Good question! That jitterbug bunny hop a pancake car does from a dead stop is indicative of the pickups being over sprung and or the pickup geometry is barfy. The relationship between spring tension, ride height, tire profile, and guide depth are interrelated and directly proportional. First thing is to check that you dont have lumpy, lipoma tires and clown wheels upsetting your cars from the git go. True up and straighten up first...do not pass go! Then if yer still boingin' around, take a little tension out of the springing. Careful not to take a gob out or you'll rob power, "aka bogging"; due to inadequate current transfer from underspringing. It's a fine line! Then look at the burn tattoo on the shoe's contact patch. Most all of them plow/toe straight outta the box. Bow the contact patch ever so slightly so the burn is not excessivly forward or "toed"...nor should it be "heeled' towards the back. Re-check it 'til the car skims along properly with good throttle response and handling. Imagine a boat coming onto plane if you will.
It has a certain sound when correct. A good set up goes shhhhhhhhhwing...not skuhhhhhhhhh...! LOL! 

But really Quick and Fast are two different things and at what point does weight or, lack off it, become a deterant to one or the other. Power to weight ratios are a constant in my pea brain whether it's bigguns er 'lil uns.
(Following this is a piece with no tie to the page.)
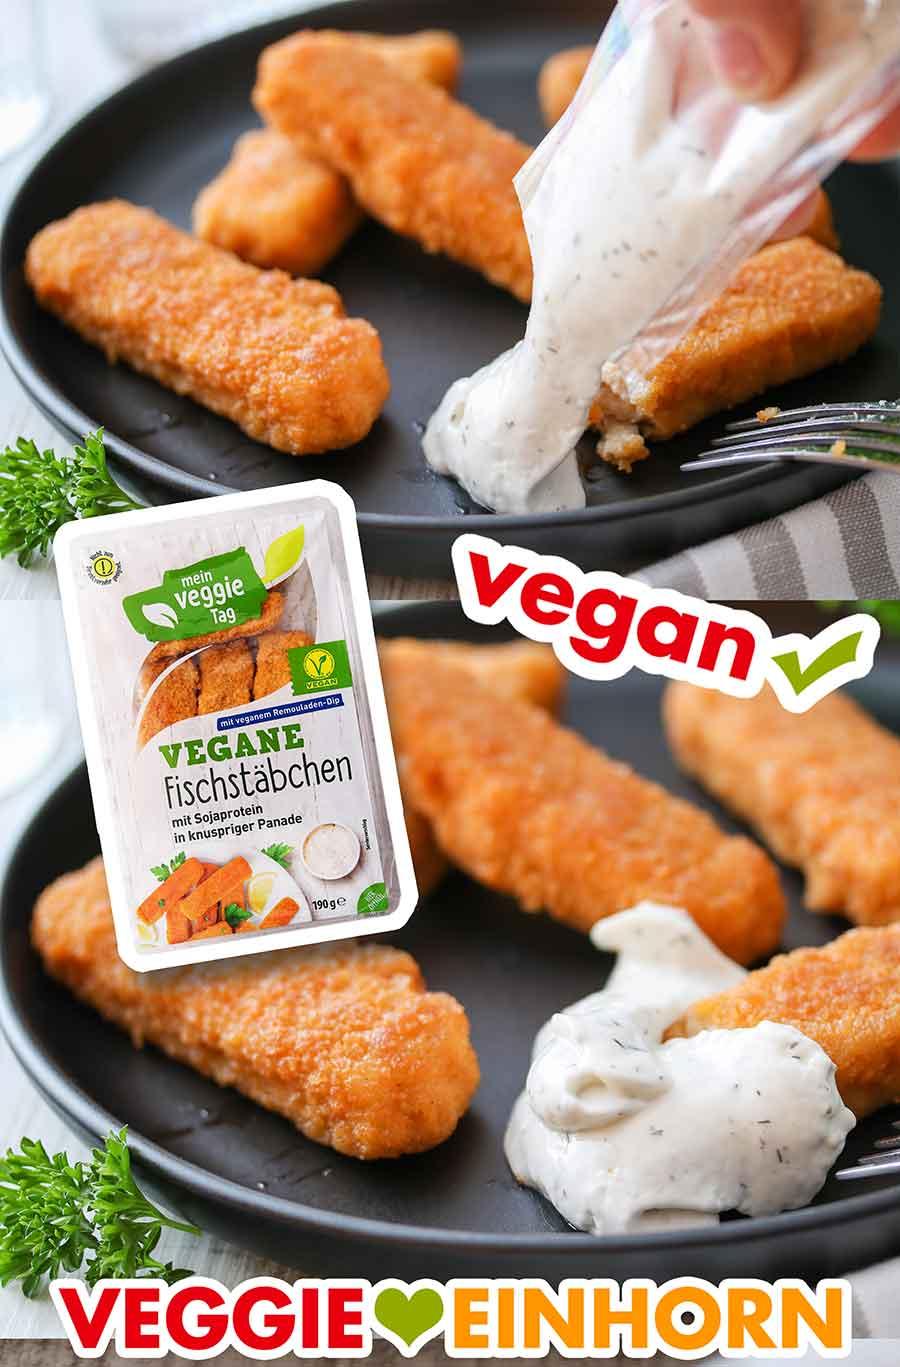 Vegane Fischstäbchen von Aldi mit veganer Remoulade

Sumpthin' Swamper Gene said a while back has stuck in my mind. Learn to tune a stock car to it's full potential, before ya start tinkering with added physics. Seemly redundant, it's a great rule to follow, but often forgotten in a market awash with temping hot rod parts and shiny goodies! 

Truer words have never been spoken. I find that most of my troubles are fundamental issues that can be resolved without jackin' weight into the car. I call it the "ooops I doofed it again" principal. Time and time again we hear the grizzled pancake veterans talk about cars being too tight, whether its on the comm setting, gear mesh, or pick up springing.
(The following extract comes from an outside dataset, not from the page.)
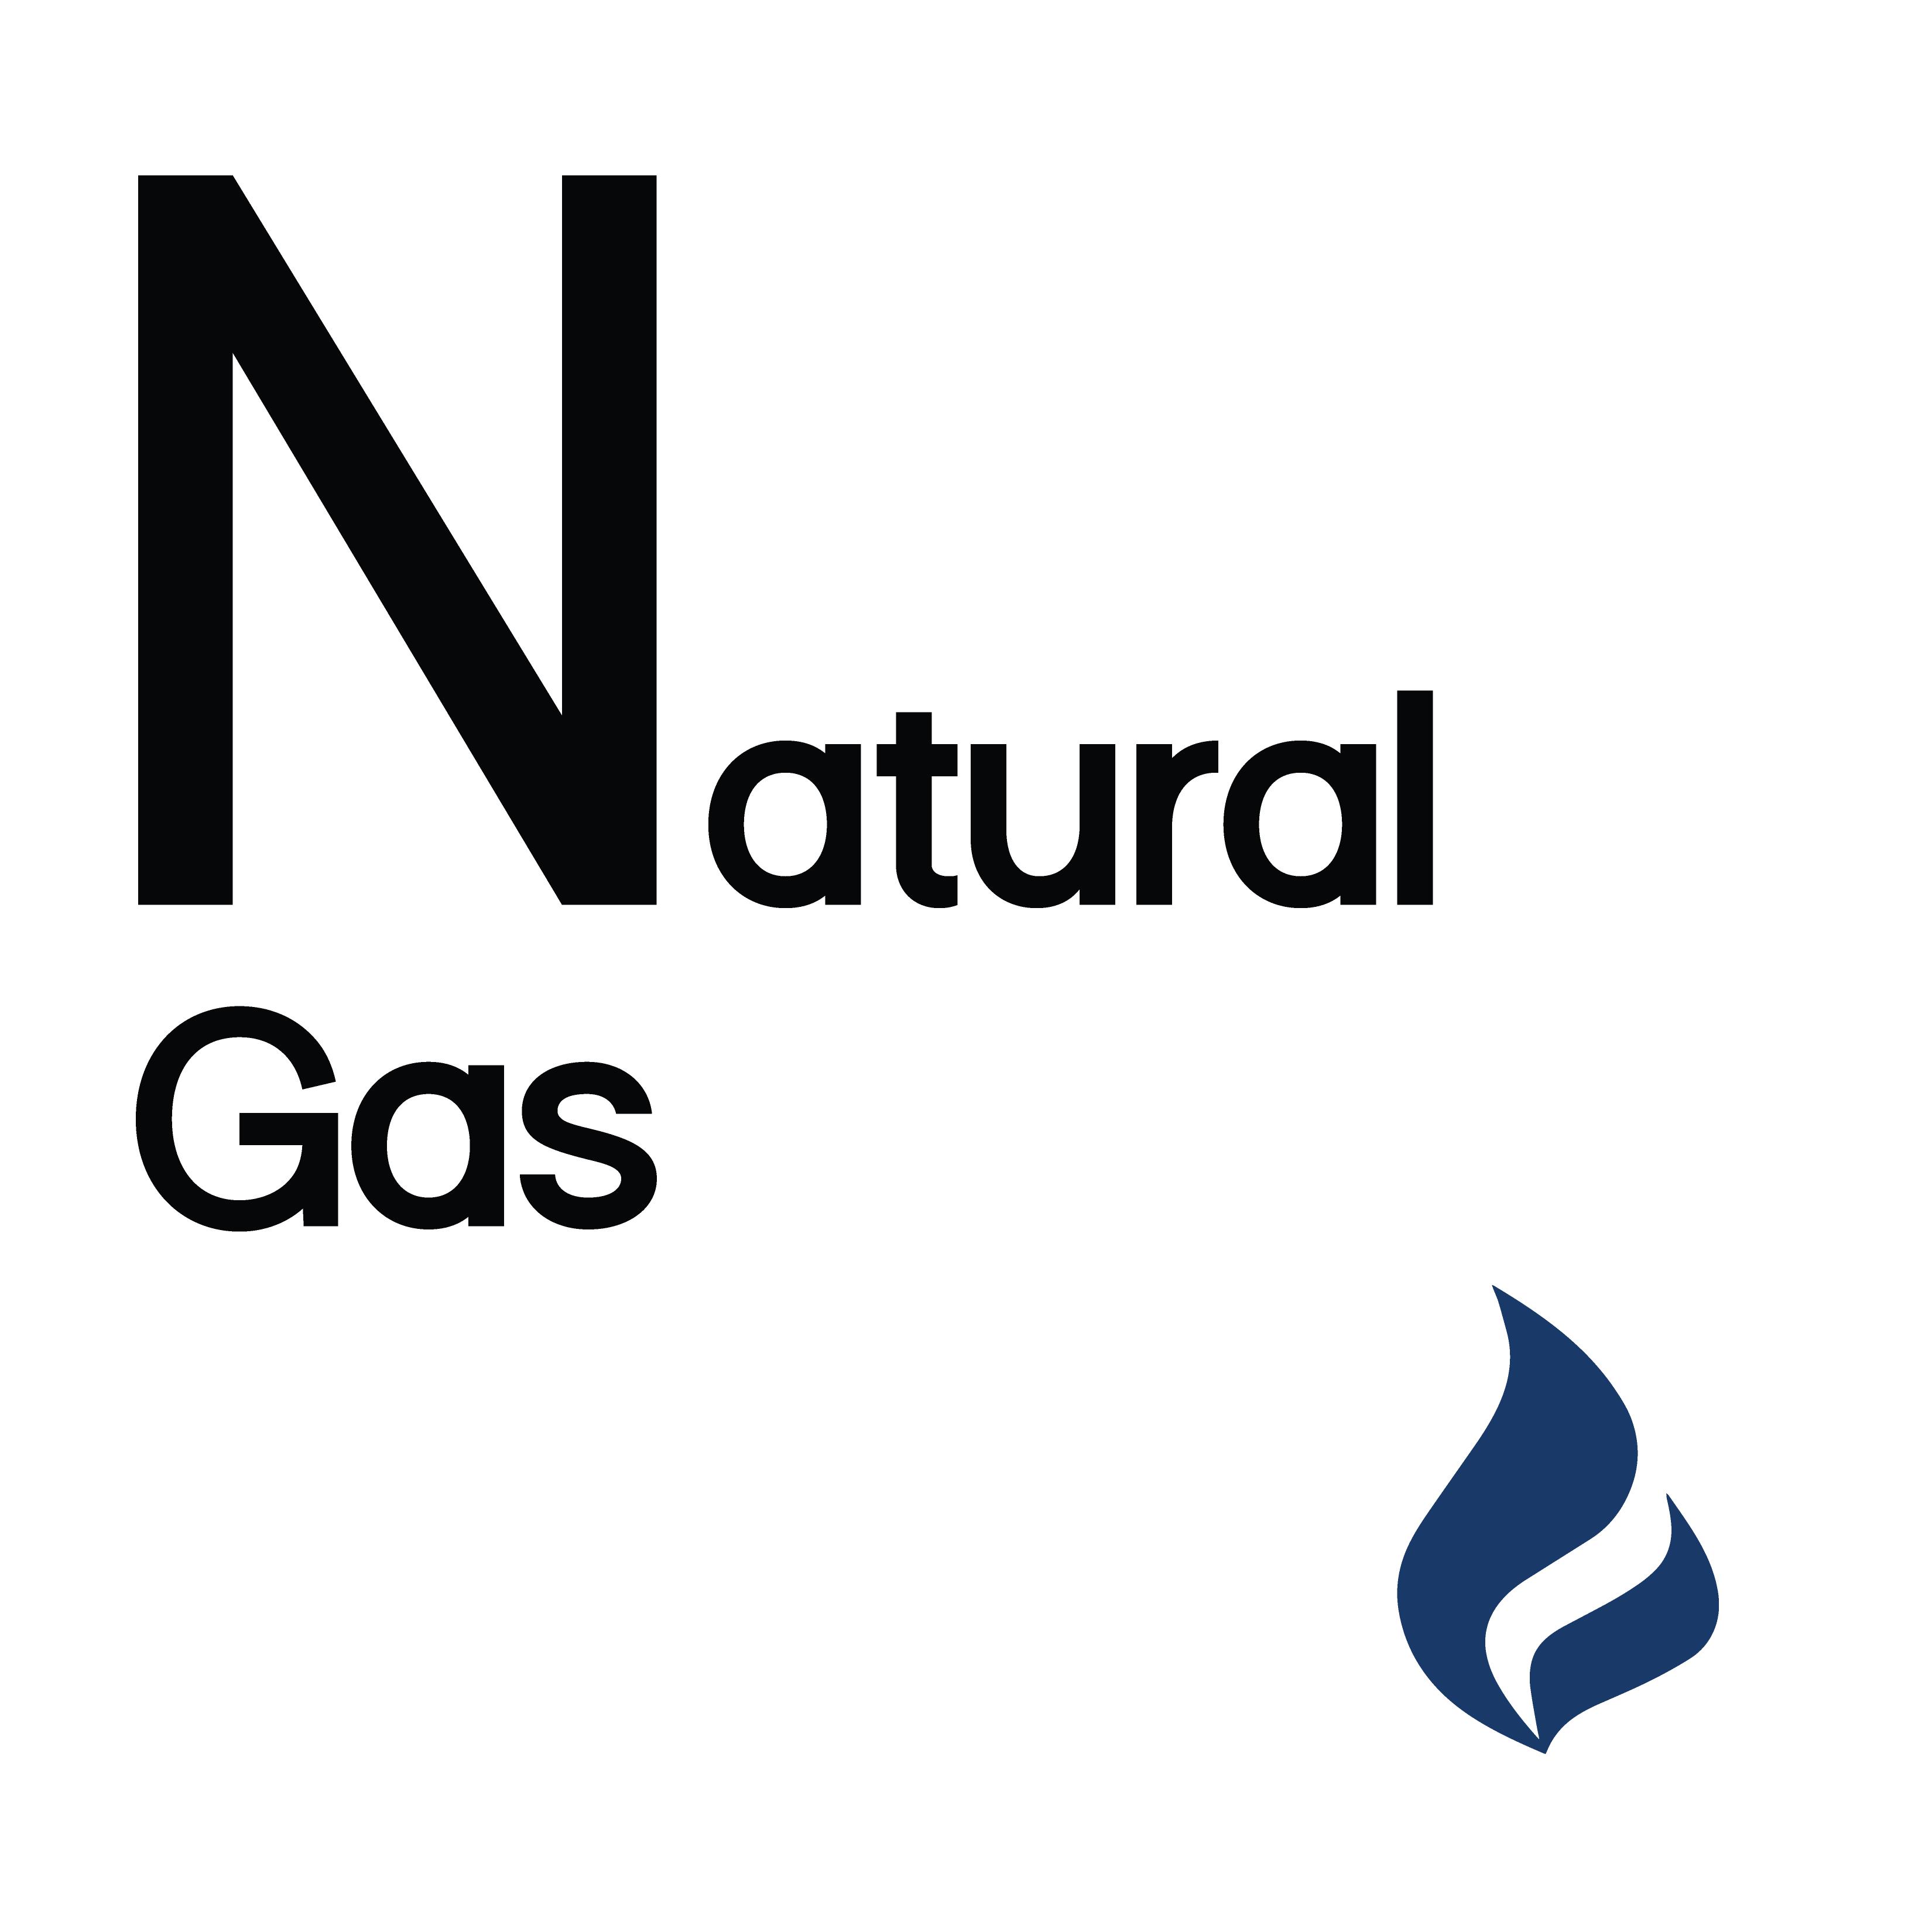 Natural Gas-01

Unless your a staggered roundy racer, overall ballance and driveability are the goal. 

So I'll anwer your question with a question. LOL! At what point does the weight you have used to pound deeper into the turns offset crisp acceleration on the way out and down the chute? Another fine line. Only the timer knows for sure!

Dollars to donuts sez that Mike King has documented intel on the weight/time equation...Wiley cat that he is. 

Good luck!


----------



## slotcarcrz (Dec 16, 2005)

I've been tuning cars with a brass front end that weighs 4 Grams. Its great for diving into the corners. It also allows you to put more pressure on the front pickups and gives you more power and speed. 

With the new Aultra G, I like the aluminuin fronts. I can get the to run with in 3 tenth's of the Xtraction cars. On my Maxx Trax the ultra G run 5.3 seconds and the Xtraction run around 5. The track is a road course and over 60 feet long


----------



## A/FX Nut (May 28, 2004)

Bill Hall said:


> Sumpthin' Swamper Gene said a while back has stuck in my mind. Learn to tune a stock car to it's full potential, before ya start tinkering with added physics.
> 
> 
> WHAM! :drunk: You just dropped some more knowledge on my head. I've been in this hobby a little over 10 years now and I still don't know how to do this. I can get a car to run good, but not great. I found rule number 1.
> ...


----------



## SwamperGene (Dec 1, 2003)

Bill Hall said:


> Sumpthin' Swamper Gene said a while back has stuck in my mind. Learn to tune a stock car to it's full potential, before ya start tinkering with added physics.





A/FX Nut said:


> Our rules don't allow us to add weight to the body or chassis.


What Randy said is really what makes Bill's comment so valid. Nuthin' worse than a bunch of racers with boxes in hand and not one common race class among them. 

As to weight, I find that it can definitely slow a car down, though it may produce better lap times with added driveability. Again it's a balancing act based on car/driver/track. Heavy fronts are usually recommended for plastic (set) track, but too much will add to front end bounce as the car will now feel every bump or joint in the track.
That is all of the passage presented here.